Я ни о чем не думаю, только медленно просыпаюсь и вслушиваюсь в стук дождя по окнам. Потом вспоминаю. Йеспер так и не пришел вчера. По неизвестной причине он не явился на собственную помолвку. И ночью я, как идиотка, прибирала на кухне, одетая в вечернее платье на голое тело. Мобильный лежит на полу рядом с кроватью. Никаких пропущенных звонков или эсэмэс.

Я сажусь в постели. Заворачиваюсь в одеяло и подхожу к окну, из которого сквозит. Кожу обжигает ледяной воздух.

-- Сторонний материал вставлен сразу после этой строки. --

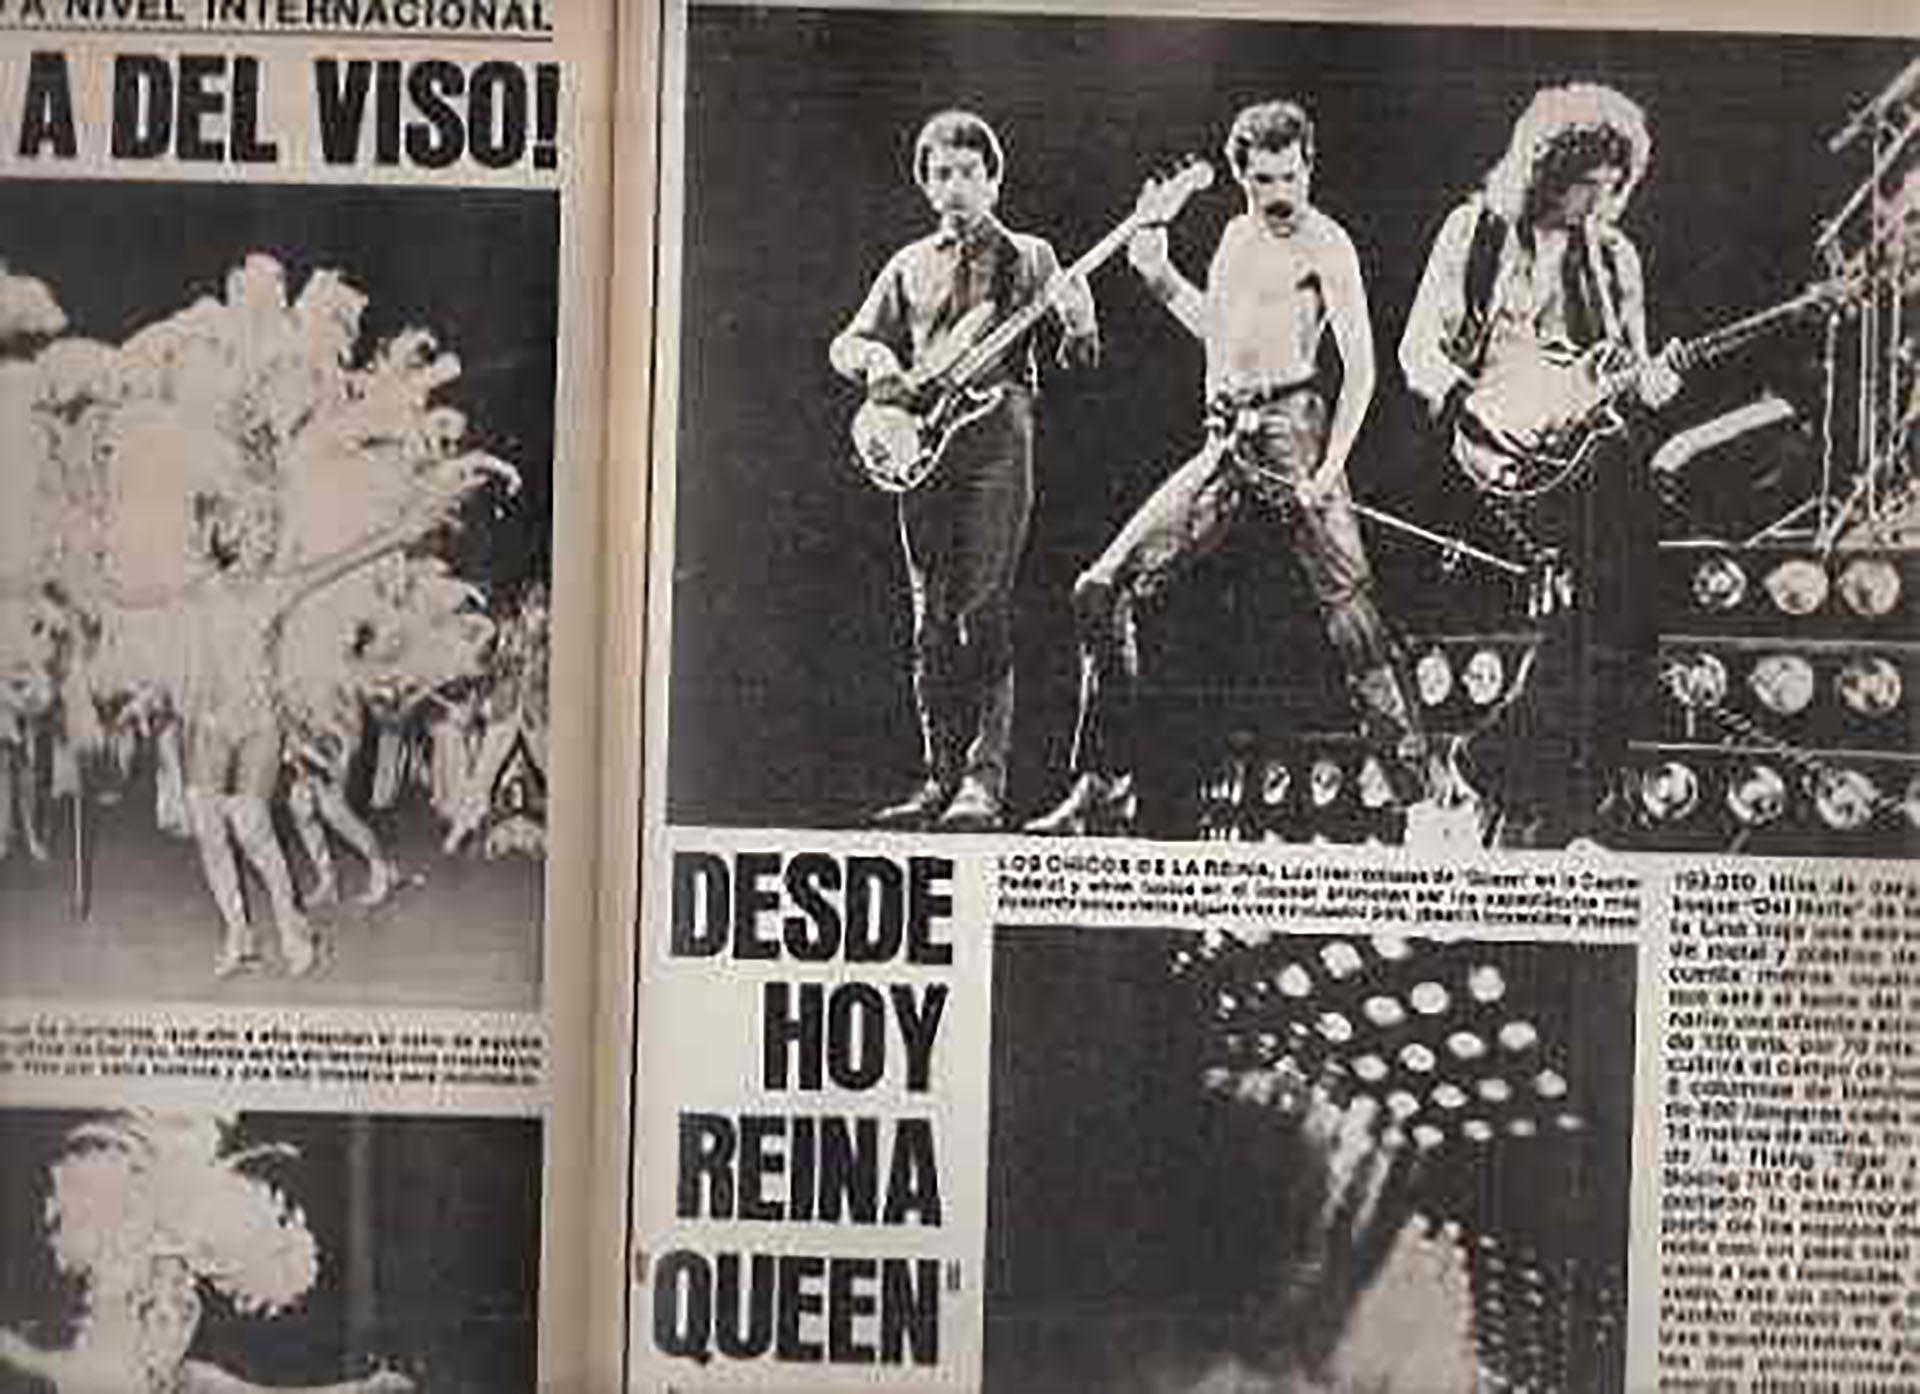 40 años del mejor Queen en Argentina - Infobae

Улица уже заполнена машинами. Люди, не крупнее муравьев, спешат к метро. Я включаю новости. Если что-то вчера случилось, это наверняка будет в новостях. Я опускаюсь в зеленое кресло. Меня тошнит. Сколько я вчера выпила? Надо поесть.

Я беру пару канапе и возвращаюсь в гостиную. Смотрю на темный экран с надписью «no signal». У меня появляется плохое предчувствие. Иду в кухню, роюсь в стопке со счетами. С канапе во рту начинаю вскрывать конверты. Это напоминания о задержке оплаты за электричество, мобильную связь, телевидение.

И это тоже отчасти вина Йеспера. Месяц назад я одолжила ему денег и с тех пор складываю счета в эту стопку. Одной зарплаты мне на жизнь не хватает. Но раньше у меня была заначка. Открываю последний конверт от «ComHem»[2] и проглядываю письмо с угрозой отключить мне телевидение и Интернет, если я не оплачу счета в течение десяти дней. Письмо прислали две недели назад.

Я откладываю конверт и беру другие счета. Смотрю на них, не зная, что делать, потом кладу в пустую банку и закрываю крышкой.

В метро я читаю новости на мобильном. Убийство в Ринкебю, погром в Мальмё, но ничего о Йеспере Орре. Никаких аварий и других происшествий.

Поезд метро набит битком. От жары, духоты и запаха пота меня снова тошнит. Приходится выйти на остановку раньше и присесть на лавку. Стянув куртку, я опускаю голову вниз и закрываю лицо руками. Прохожие бросают на меня тревожные взгляды, но никто не останавливается, чтобы спросить, как я себя чувствую. И слава Богу.

Все, о чем я думаю, это «Где Йеспер и почему он не пришел вчера?».

Ханне

Те, кто утверждает, что люди несчастны, потому что слишком много ждут от жизни, ошибаются. Я никогда ничего не ждала от жизни – ни счастья, ни денег, ни успеха. Но в итоге сижу здесь, несчастная и разочарованная, и не могу выразить свои чувства словами.

Наверно, это невозможно описать словами. Нет таких слов. Эти чувства больше, чем я. Это я живу в разочаровании, а не оно во мне. Разочарование как дом, в котором я заперта.

Отчасти причиной этих чувств стало то, что я больше не могу доверять своему телу. Мой интеллект, моя память постепенно разрушаются, превращаясь в кусочки мозаики, которые больше нельзя сложить в осмысленную картину.

Я смотрю на контейнер для таблеток на кухонной стойке. Белые и желтые таблетки лежат в отделениях, подписанных днями недели. Интересно, есть ли от них хоть какой-то прок.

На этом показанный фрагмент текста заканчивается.